I say yes. Despite it all, she's his sister. Her behavior toward you is telling. If I were you I wouldn't trust her as far as I could throw her. For all you know, she's still relaying messages to him from your conversations, and I'm sorry with all you've been through with him? That's not something you want. He and his entire family need to be CUT OFF from any contact from you. Don't give them anything else to hurt you with, they've done enough.

Her actions and treatment of you say it all. She's not as loyal a friend to you as she is her brothers sister. Cut her off.


----------



## that_girl (Jul 6, 2011)

I think you may be using her to feel close to him still. 

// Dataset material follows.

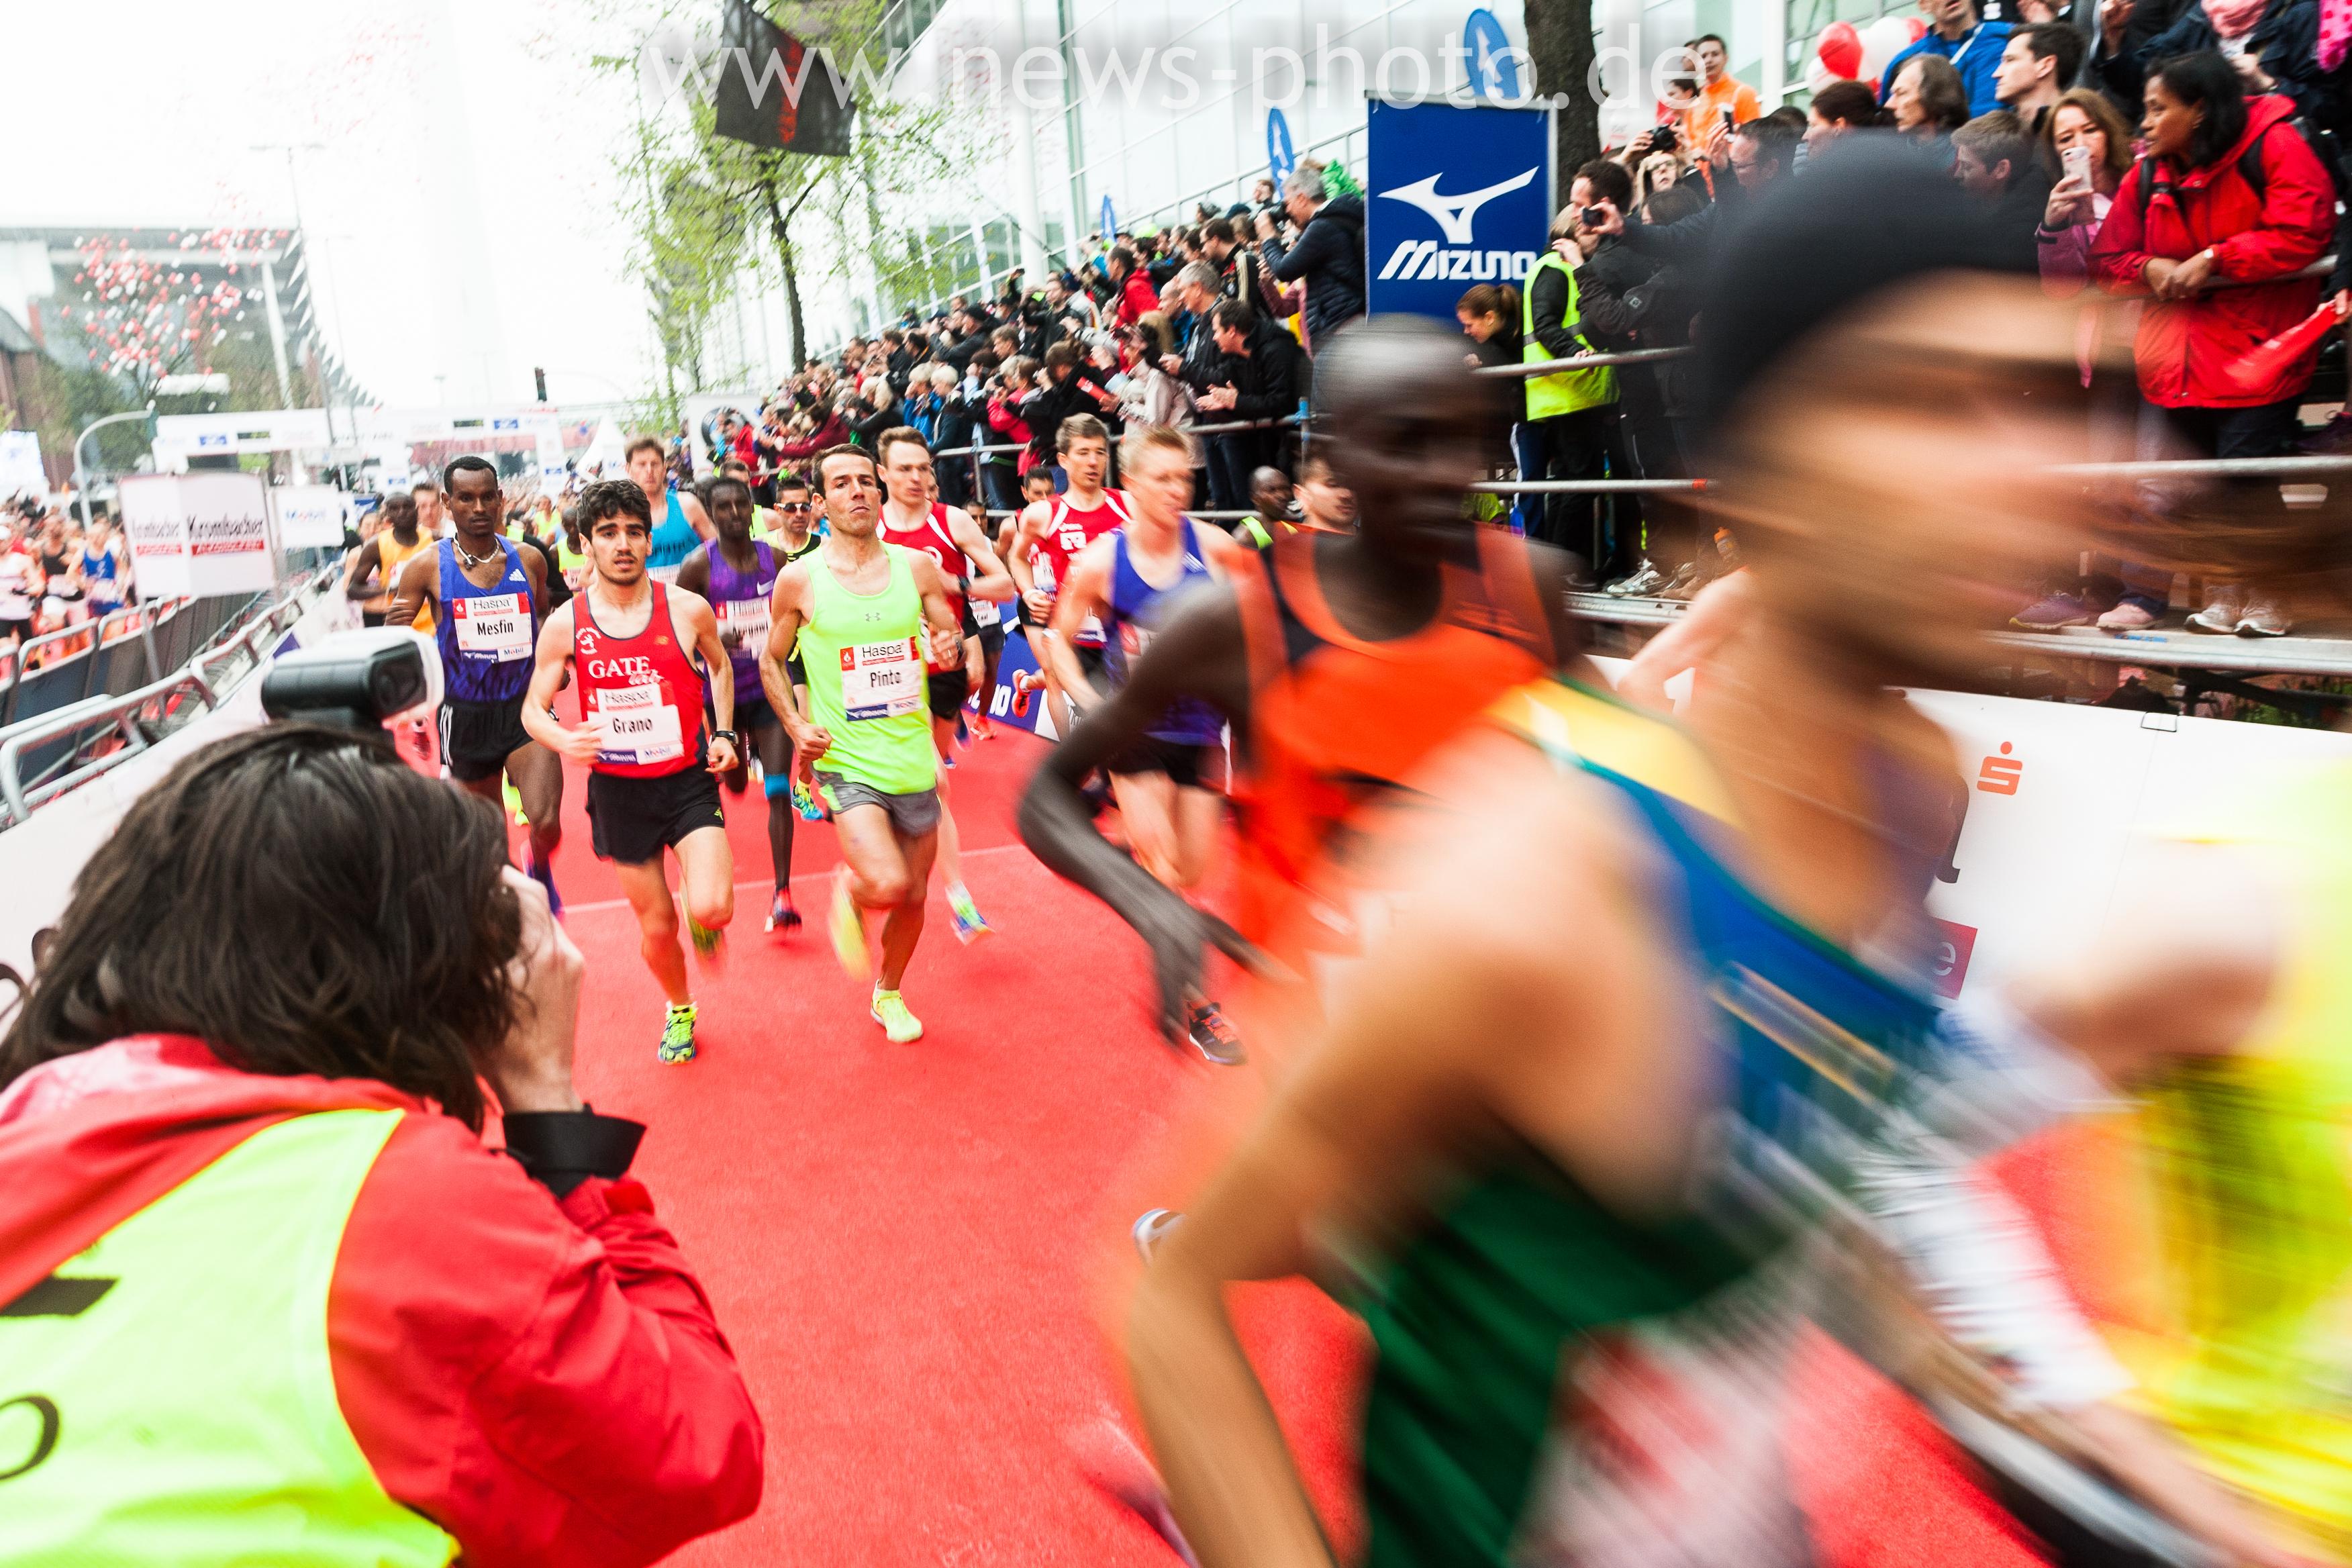 Die Proiläufer Starten beim Haspa Marathon 2015

Let her go...there are other awesome people out there to befriend. Cut the ties.


----------



## Almostrecovered (Jul 14, 2011)

I'd even question her motivations as you stated there is an intense rivalry. She may be using you to stick it her brother and parents
_Posted via Mobile Device_


----------



## Undertheradar (May 11, 2011)

Let go
Move on

What part of "trouble" don't you understand?

He and anyone associated with him, respresents trouble for you.

Move on. He did you a favor.


----------



## lisa3girls (Apr 6, 2011)

Undertheradar said:


> Let go
> Move on
> 
> What part of "trouble" don't you understand?
> ...


I couldn't agree more... cut it off, start again, you will heal faster.


----------



## TwoDogs (Jul 29, 2011)

that_girl said:


> I think you may be using her to feel close to him still.


This. Or to hear gossip about how badly his life is going now.

Do you really want this much drama in your life? I like to feel safe with my friends, not wondering when they are going to humiliate me next.


----------